Molinski, S.V., Ahmadi, S., Hung, M. and Bear, C.E., 2015. Facilitating structure-function studies of CFTR modulator sites with efficiencies in mutagenesis and functional screening. Journal of biomolecular screening, 20(10), pp.1204-1217.

Packer, M.S. and Liu, D.R., 2015. Methods for the directed evolution of proteins. Nature Reviews Genetics, 16(7), p.379.

Vander Horn, P.B. and Wang, Y., Bio-Rad Laboratories Inc, 2017. Compositions with polymerase activity.
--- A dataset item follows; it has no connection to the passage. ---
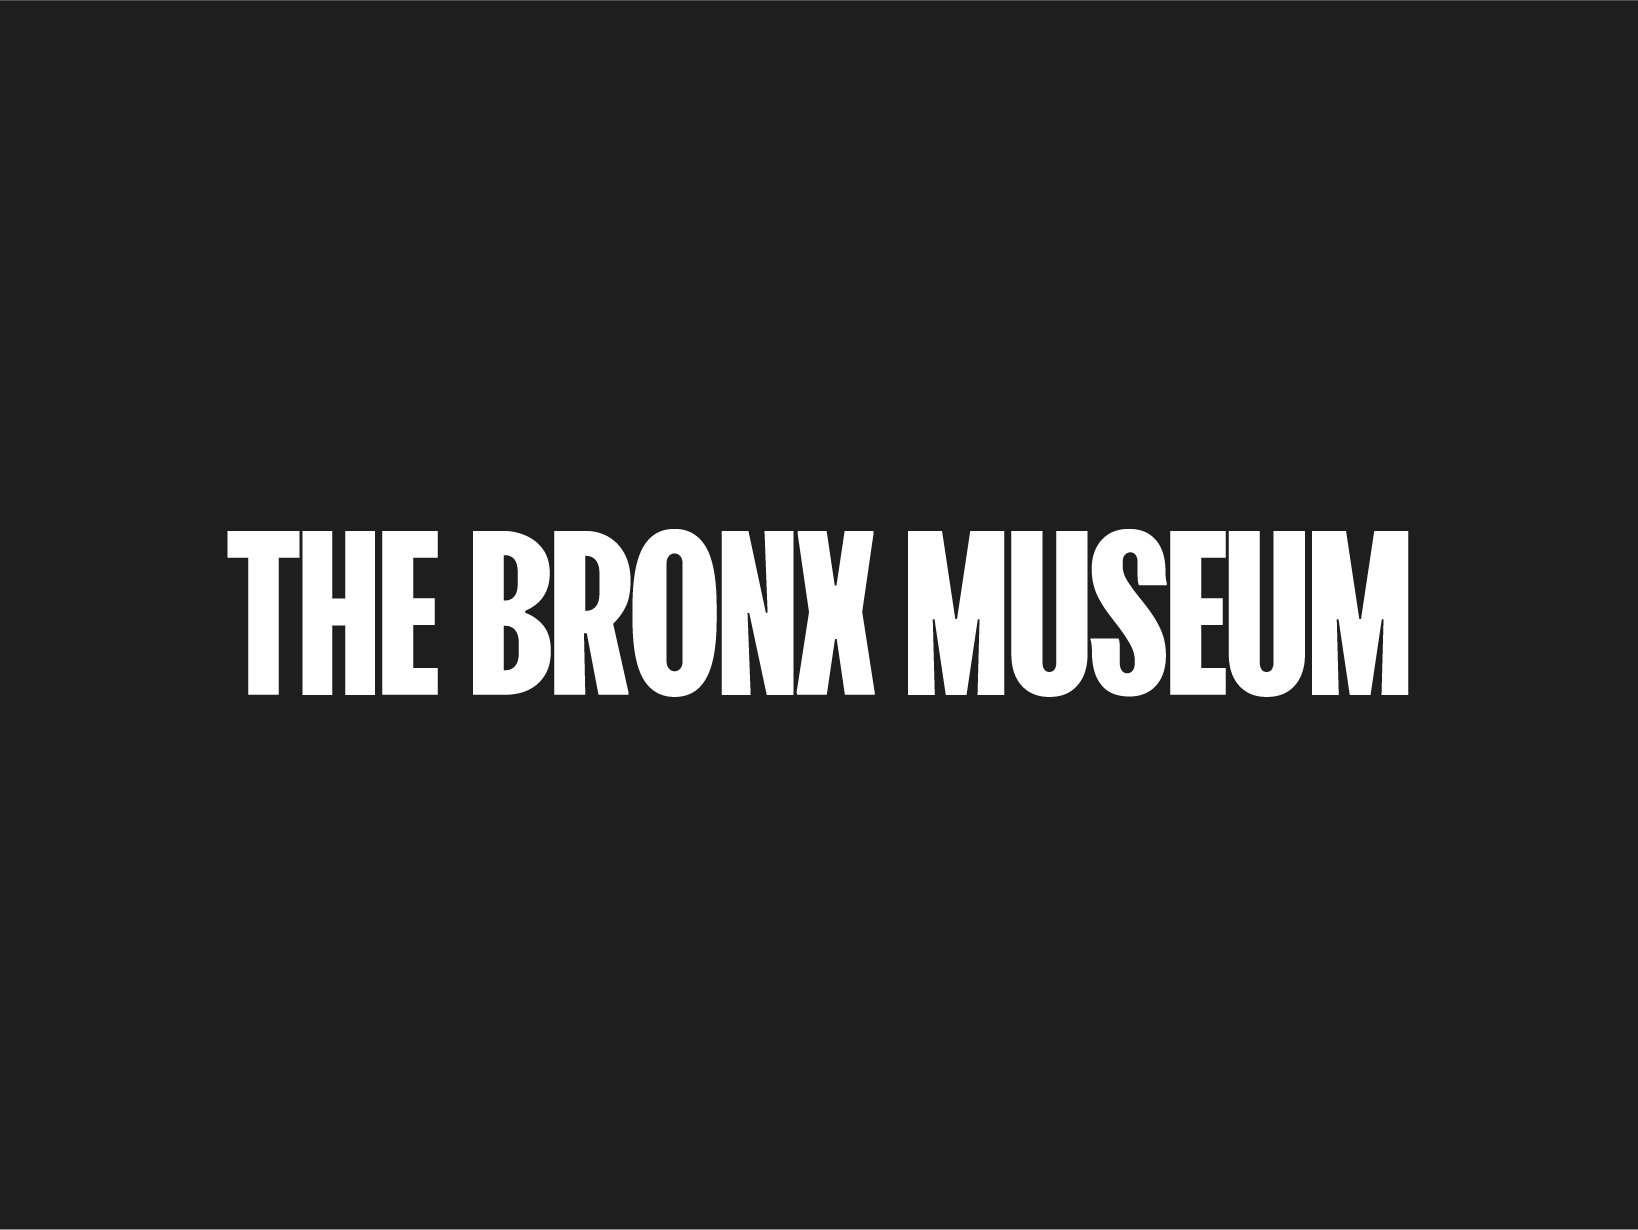 (c) Bronxmuseum.org

U.S. Patent 9,688,969.

Weyman, P.D., Beeri, K., Lefebvre, S.C., Rivera, J., McCarthy, J.K., Heuberger, A.L., Peers, G., Allen, A.E. and Dupont, C.L., 2015. Inactivation of Phaeodactylum tricornutum urease gene using transcription activator?like effector nuclease?based targeted mutagenesis. Plant biotechnology journal, 13(4), pp.460-470.

Yamada, K., Aiba, K., Kitaura, Y., Kondo, Y., Nomura, N., Nakamura, Y., Fukushi, D., Murayama, K., Shimomura, Y., Pitt, J. and Yamaguchi, S., 2015. Clinical, biochemical and metabolic characterisation of a mild form of human short-chain enoyl-CoA hydratase deficiency: significance of increased N-acetyl-S-(2-carboxypropyl) cysteine excretion. Journal of medical genetics, 52(10), pp.691-698.

Zhang, L., Yang, Z., Sefah, K., Bradley, K.M., Hoshika, S., Kim, M.J., Kim, H.J., Zhu, G., Jime?nez, E., Cansiz, S. and Teng, I.T., 2015. Evolution of functional six-nucleotide DNA. Journal of the American Chemical Society, 137(21), pp.6734-6737.